SOURCE MATERIAL

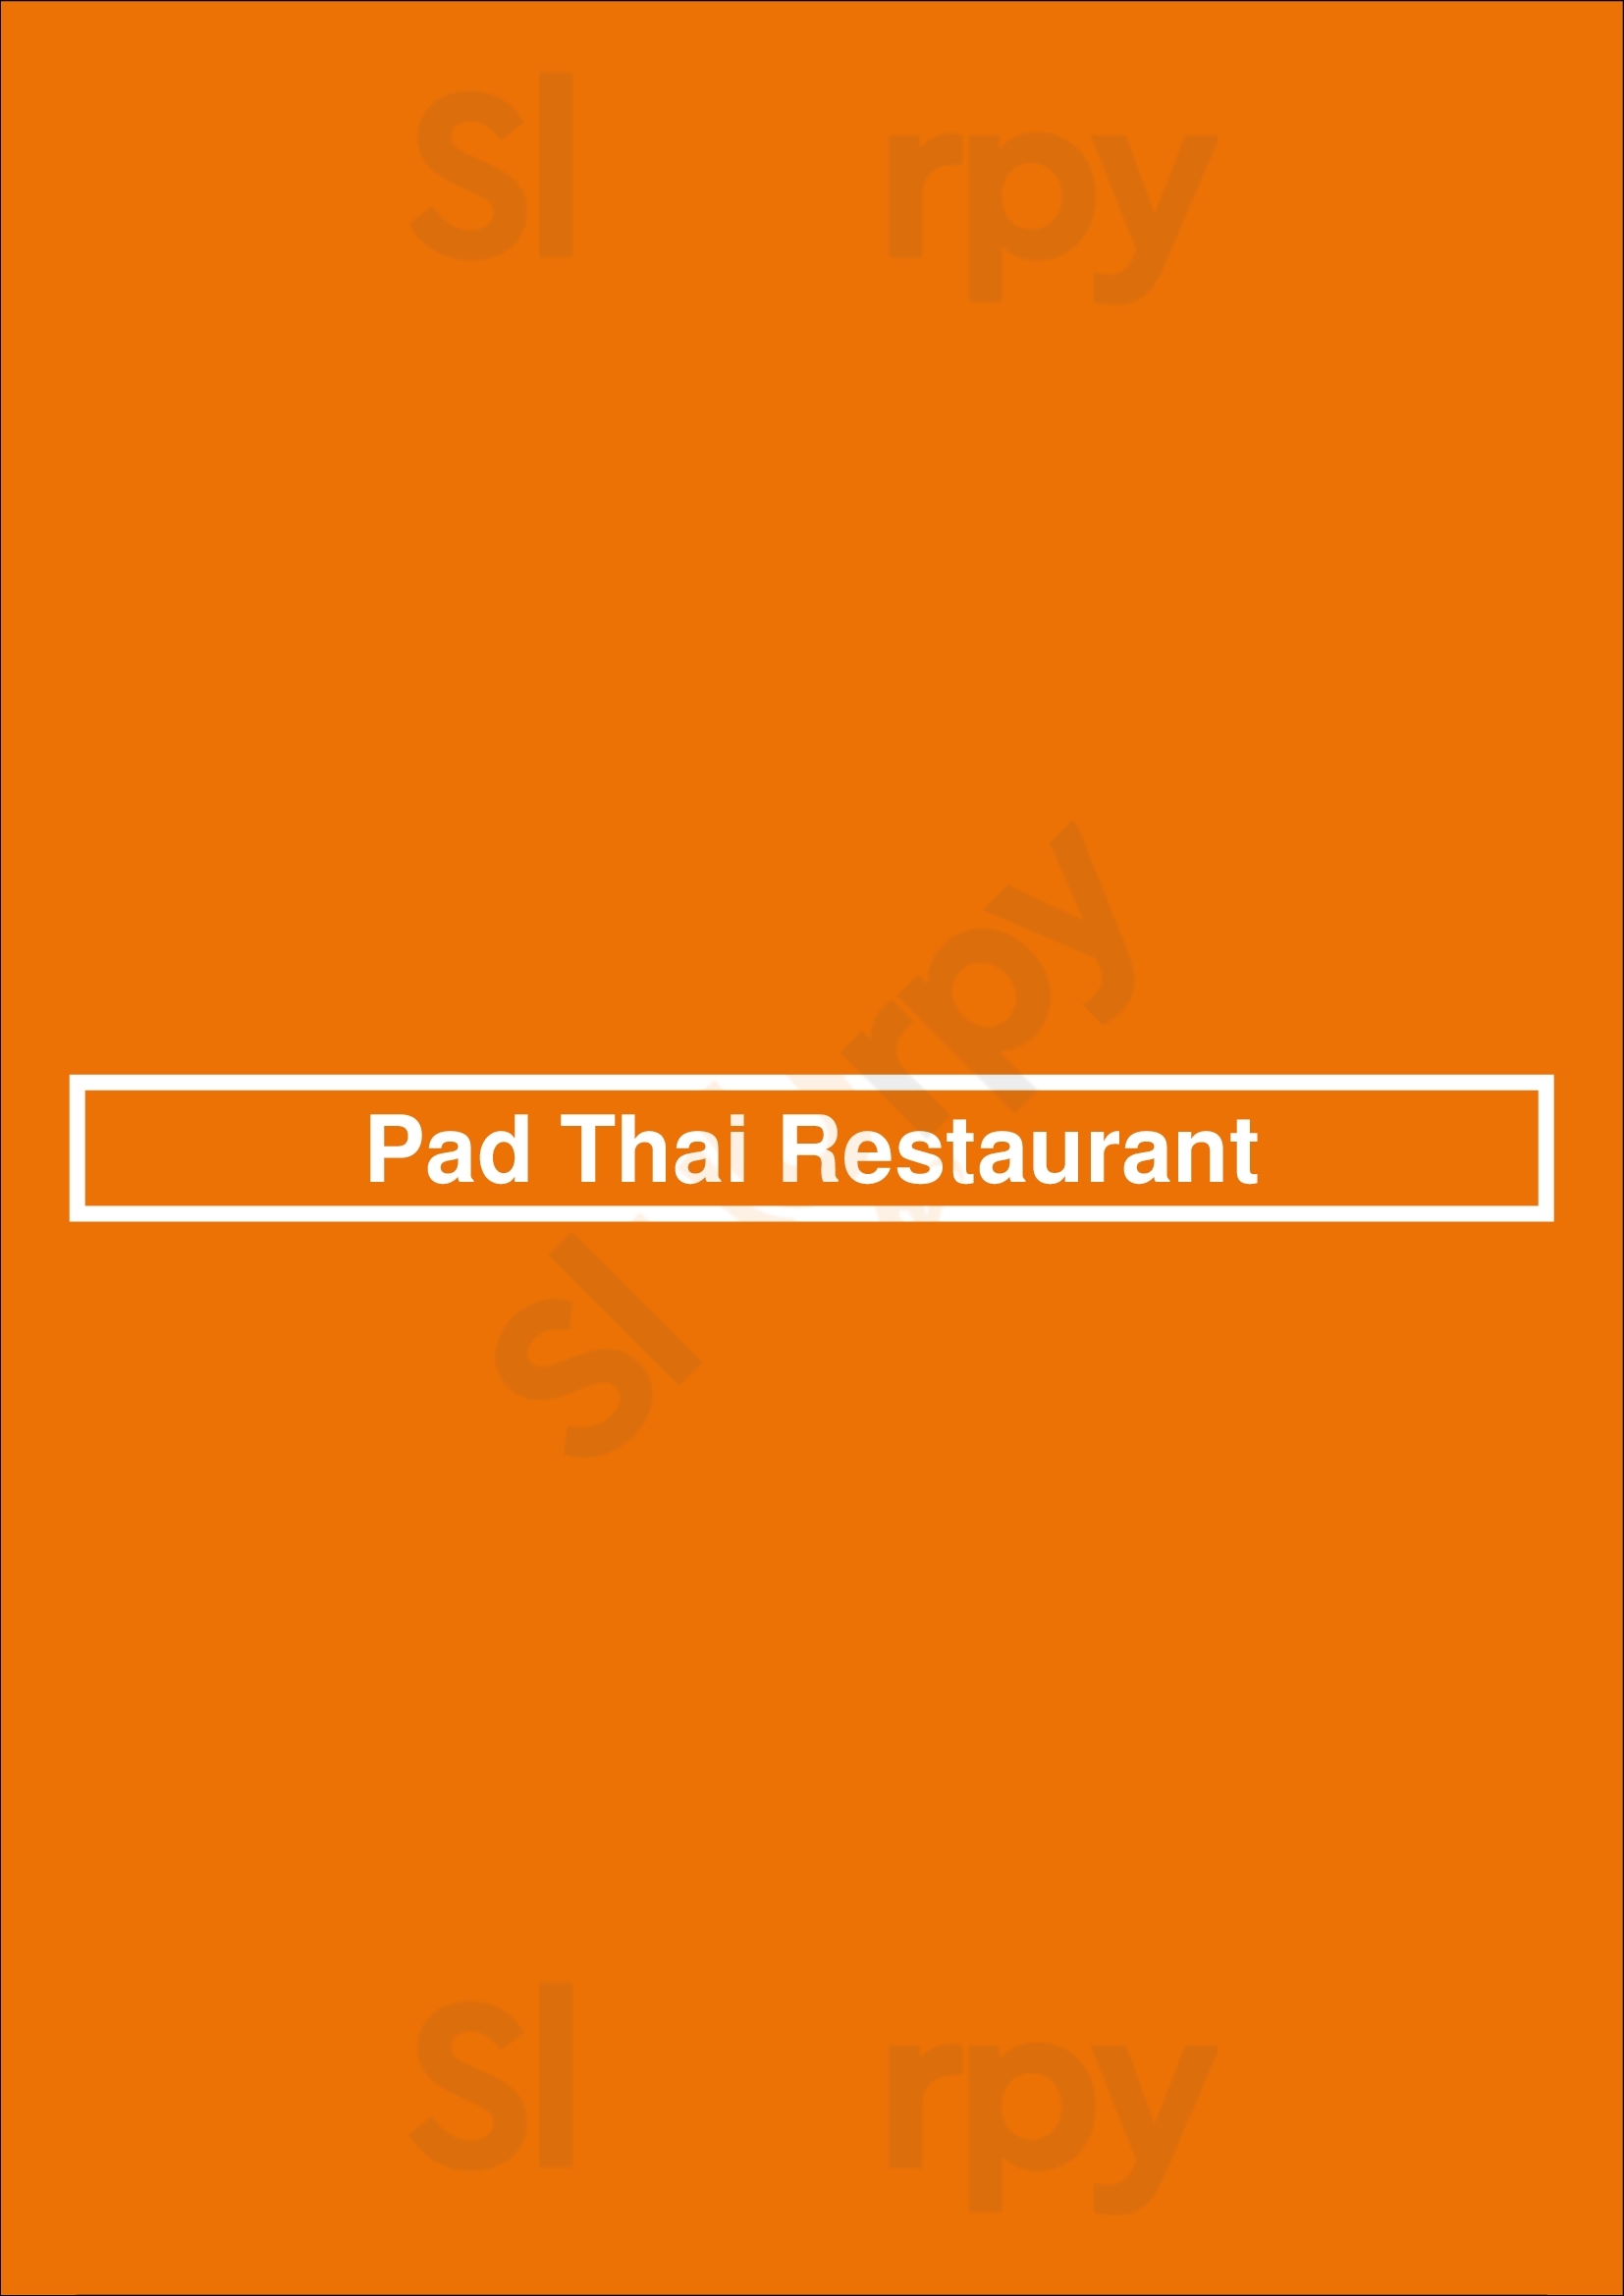 Pad Thai Restaurant München Menu - 1
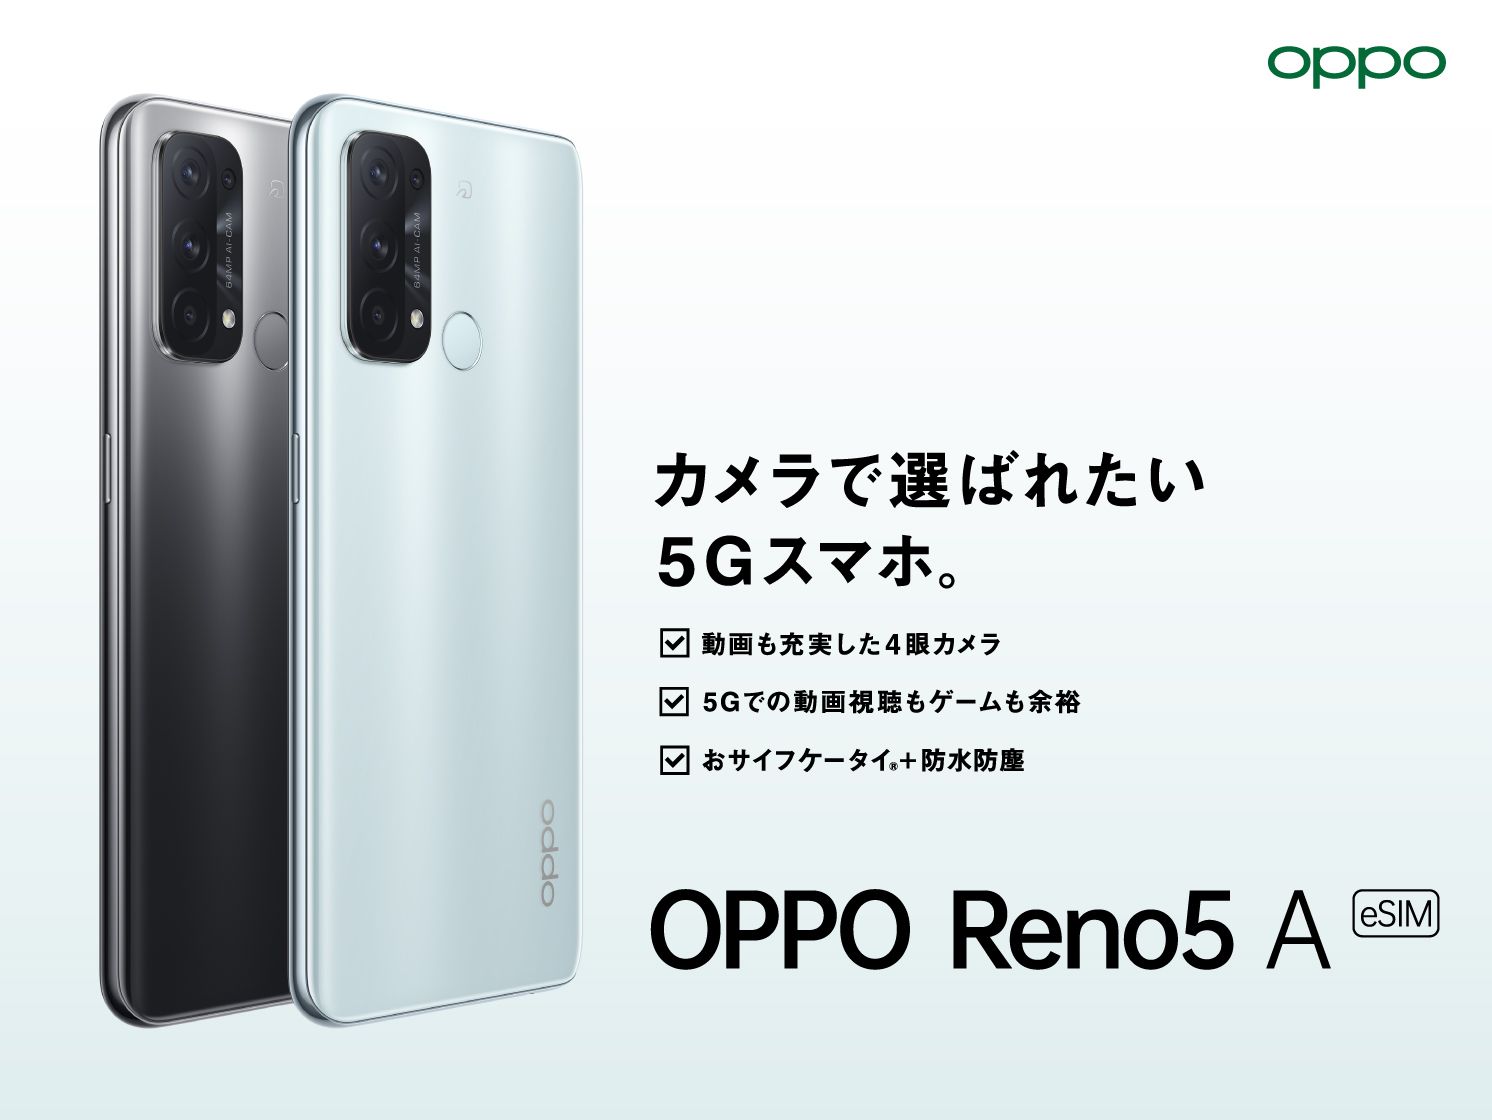 スマートフォン/携帯電話 スマートフォン本体 OPPO Reno5 A (eSIM)」がワイモバイルにて 2月24日(木)から発売開始 
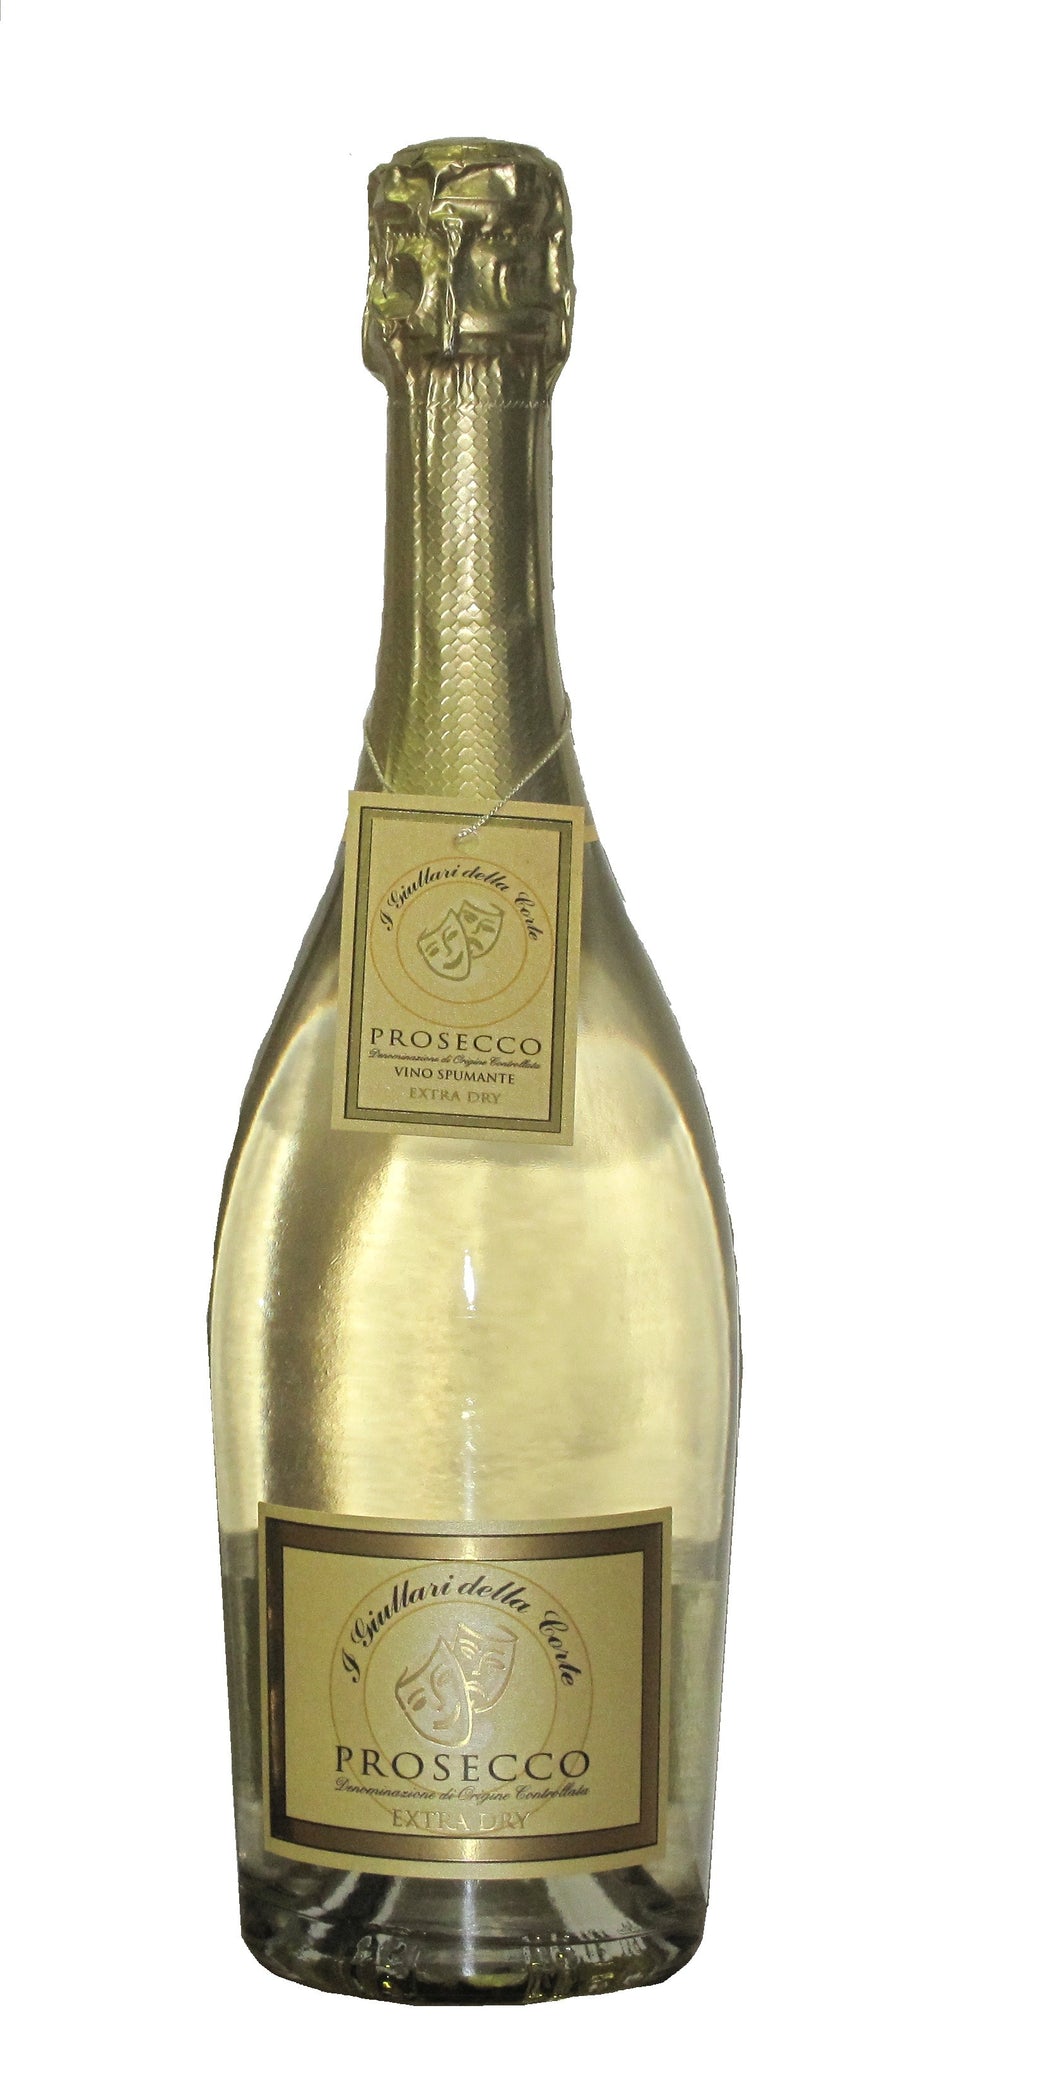 I Giullari Della Corte - Prosecco Extra Dry DOP - 3 Bottles

TASK DESCRIPTION
The material above is to be output exactly, with each picture left out.

YOUR RESPONSE
 Pad Thai Restaurant München Menu - 1
 スマートフォン/携帯電話 スマートフォン本体 OPPO Reno5 A (eSIM)」がワイモバイルにて 2月24日(木)から発売開始 
 I Giullari Della Corte - Prosecco Extra Dry DOP - 3 Bottles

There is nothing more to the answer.